The best response I have seen so far comes from Rabbi Michael Lerner of Tikkun, an interfaith organization, quoted by [livejournal.com profile] toesontheground. Rabbi Lerner asserts that if the Left is going reach more people, and find more inner strength, it must find and reclaim its own spiritual center and express it powerfully and persuasively, which happened last with Martin Luther King.

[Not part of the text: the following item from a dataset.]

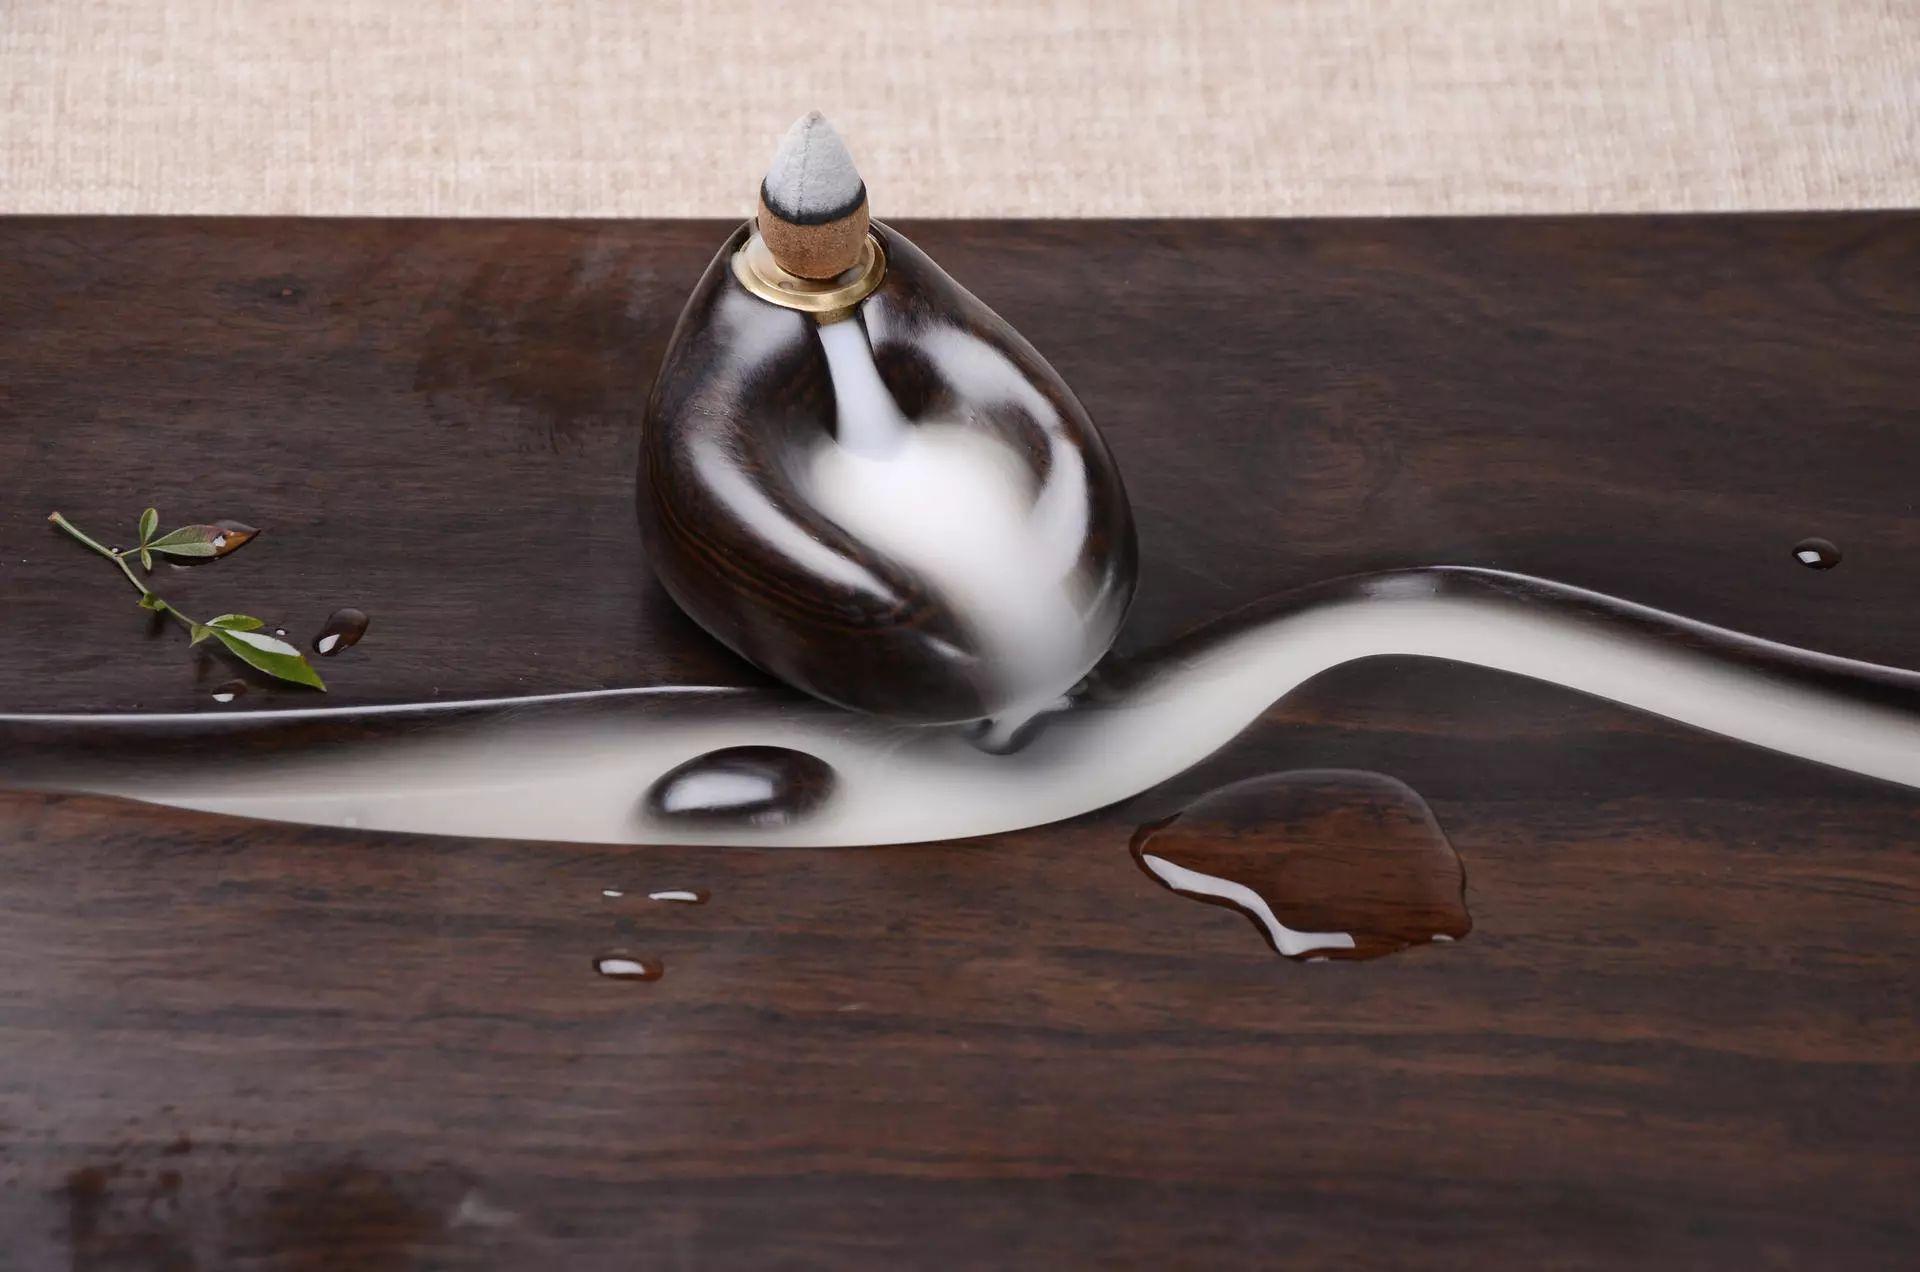 该茶盘设计不仅可以流水,也可以流香!

To quote part of the letter:

Many of these voters have found a "politics of meaning" in the political Right. In the Right wing churches and synagogues these voters are presented with a coherent worldview that speaks to their "meaning needs." Most of these churches and synagogues demonstrate a high level of caring for their members, even if the flip side is a willingness to demean those on the outside. Yet what members experience directly is a level of mutual caring that they rarely find in the rest of the society. And a sense of community that is offered them nowhere else, a community that has as its central theme that life has value because it is connected to some higher meaning than one's success in the marketplace.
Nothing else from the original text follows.